Interest expense-amortization of deferred finance costs was zero for the three months ended March 31, 2018 compared to $82,000 for the three months ended March 31, 2017. All interest expense and amortization of deferred finance costs were capitalized to real estate under development for the three months ended March 31, 2018.
Claims liability was zero for the three months ended March 31, 2018 compared to approximately $1.0 million for the three months ended March 31, 2017. During the three months ended March 31, 2017, we entered into a settlement with our insurance carrier for approximately $1.0 million related to a Syms bankruptcy claim.
We recorded no tax expense for the three months ended March 31, 2018 compared to $1,000 for the three months ended March 31, 2017.
Net loss attributable to common stockholders increased by approximately $877,000 to $1.6 million for the three months ended March 31, 2018 from $681,000 for the three months ended March 31, 2017 as a result of the changes in revenues and expenses discussed above.

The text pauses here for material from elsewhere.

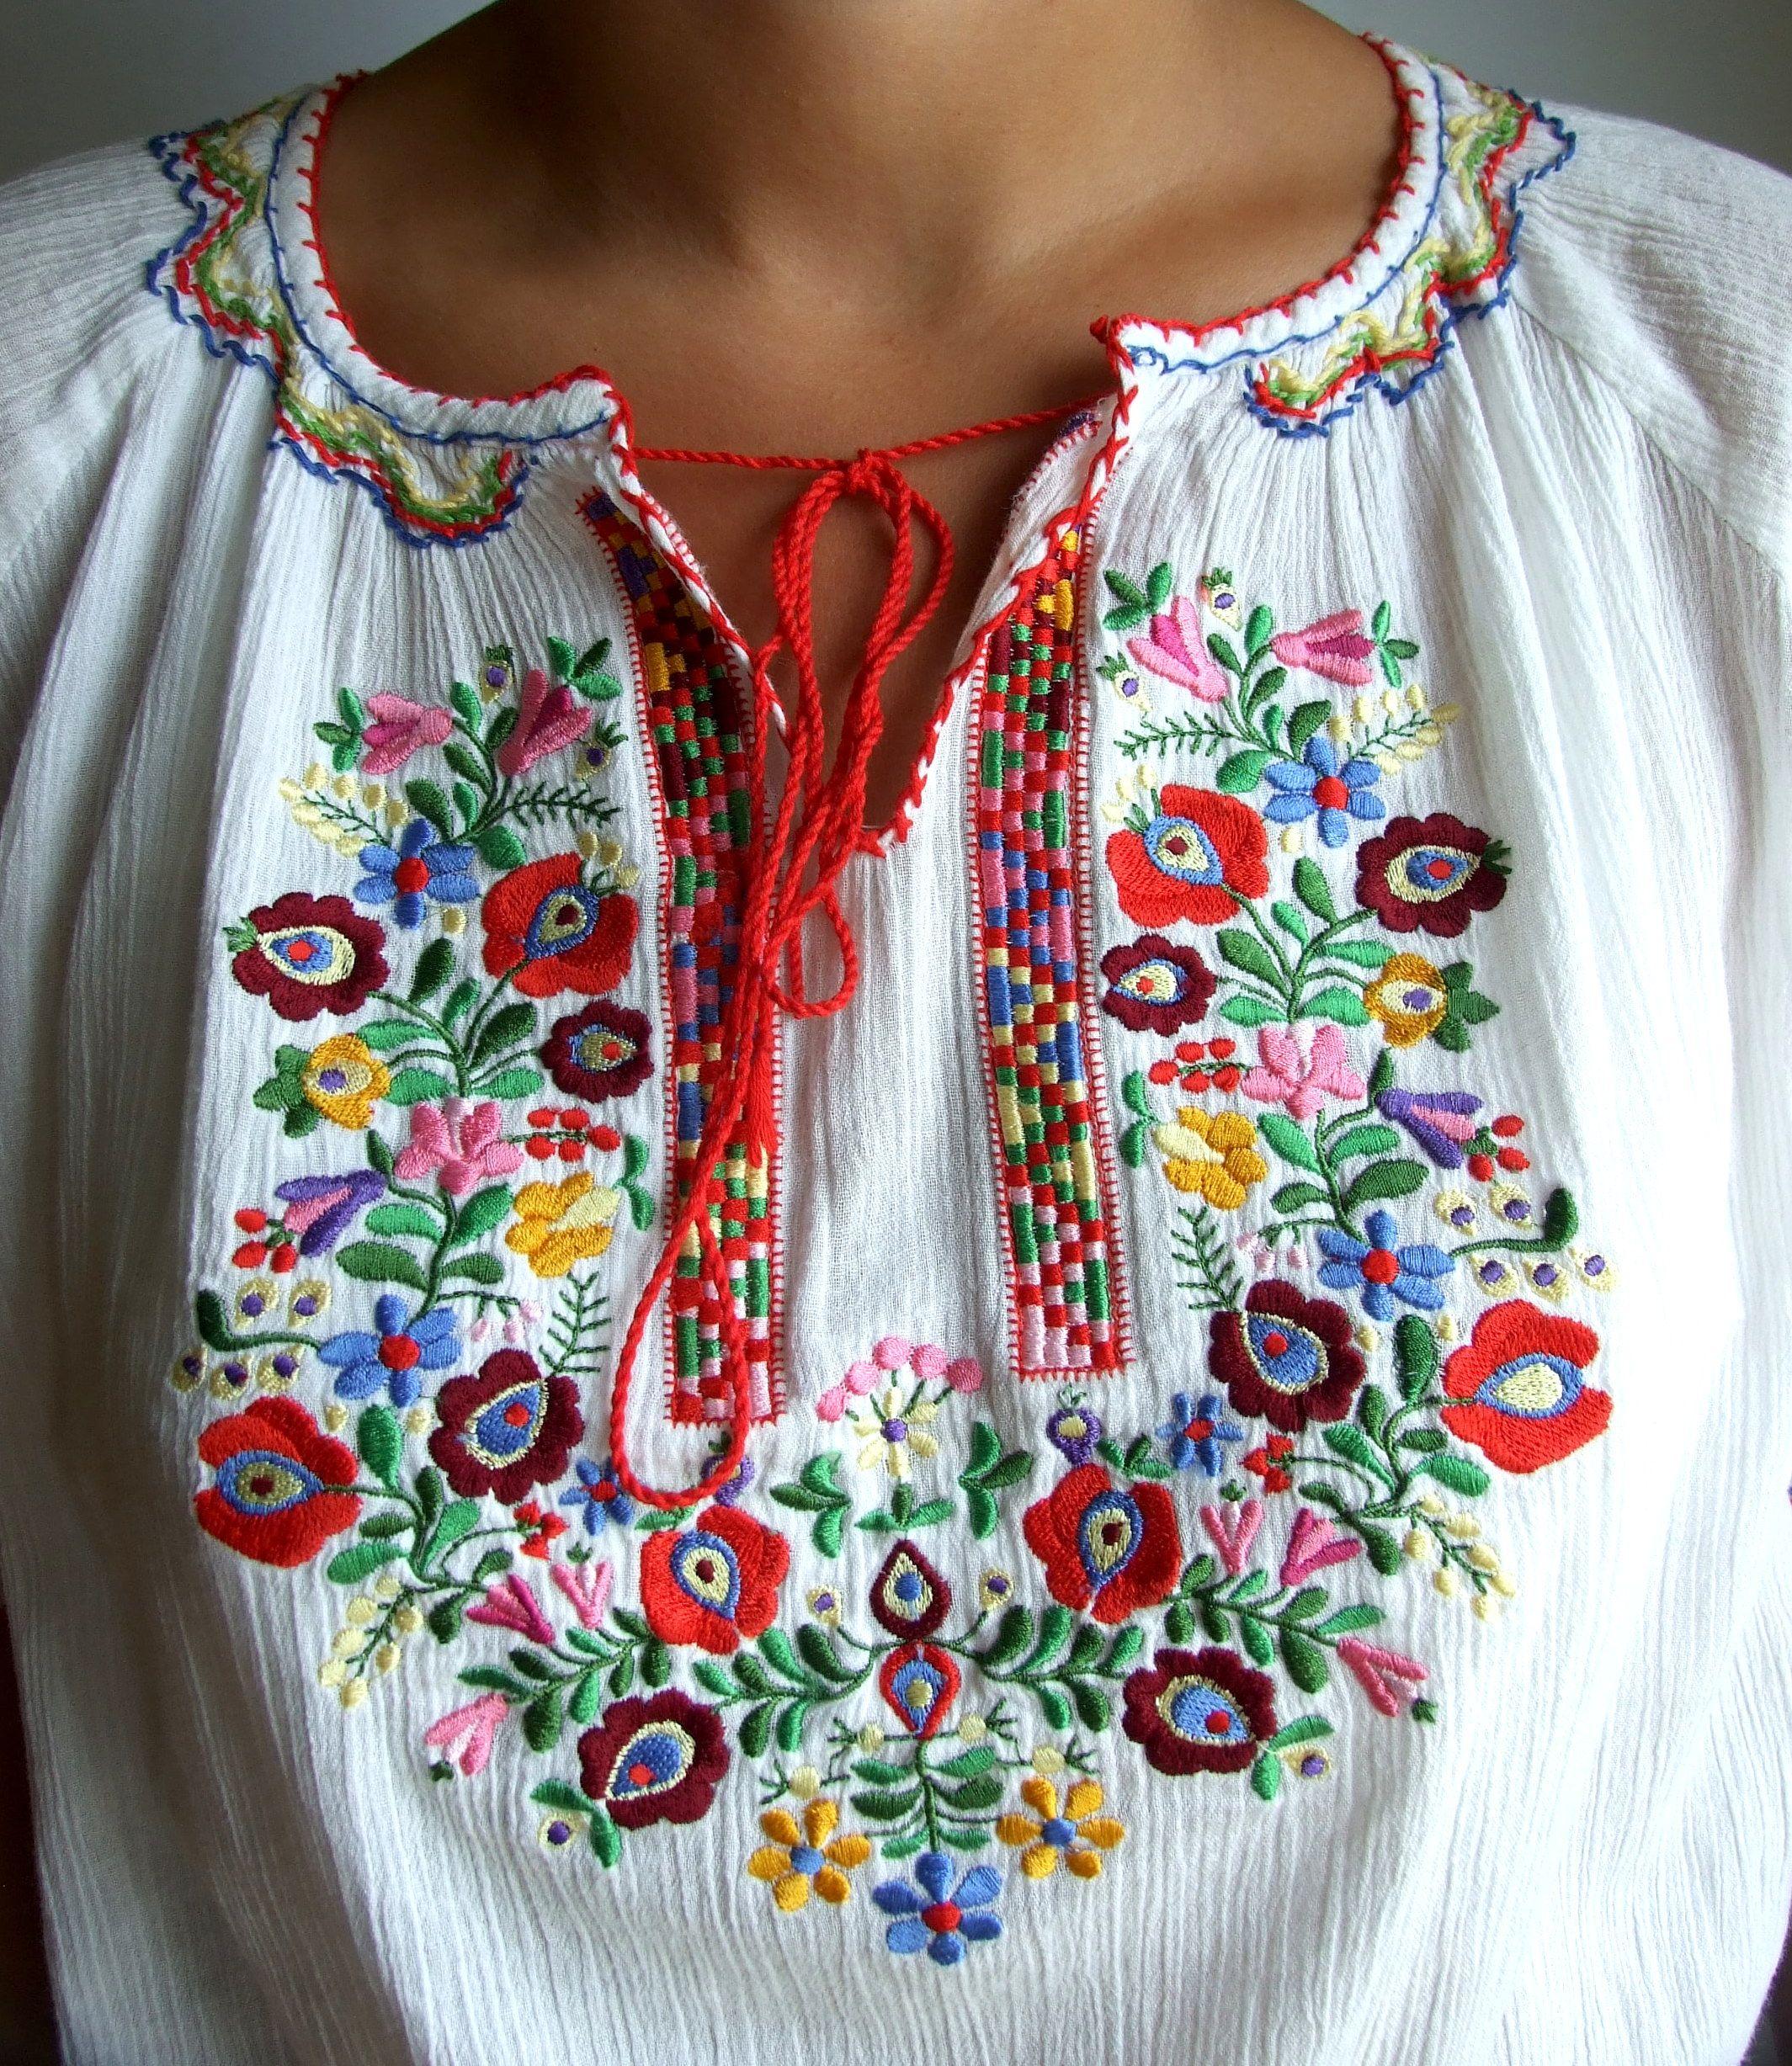 Cashmere Silk Scarf - Embroidery by VIDA VIDA adKeHxIm

Liquidity and Capital Resources
We currently expect that our principal sources of funds to meet our short-term and long-term liquidity requirements for working capital and funds for acquisition and development or redevelopment of properties, tenant improvements, leasing costs, and repayments of outstanding indebtedness will include some or all of the following:
(1) | cash on hand; |
(2) | proceeds from increases to existing debt financings and/or other forms of secured financing; |
(3) | proceeds from common stock or preferred equity offerings, including rights offerings; |
(4) | cash flow from operations; and |
(5) | net proceeds from divestitures of properties. |
Cash flow from operations is primarily dependent upon the occupancy level of our portfolio, the net effective rental rates achieved on our leases, the collectability of rent, operating escalations and recoveries from our tenants and the level of operating and other costs.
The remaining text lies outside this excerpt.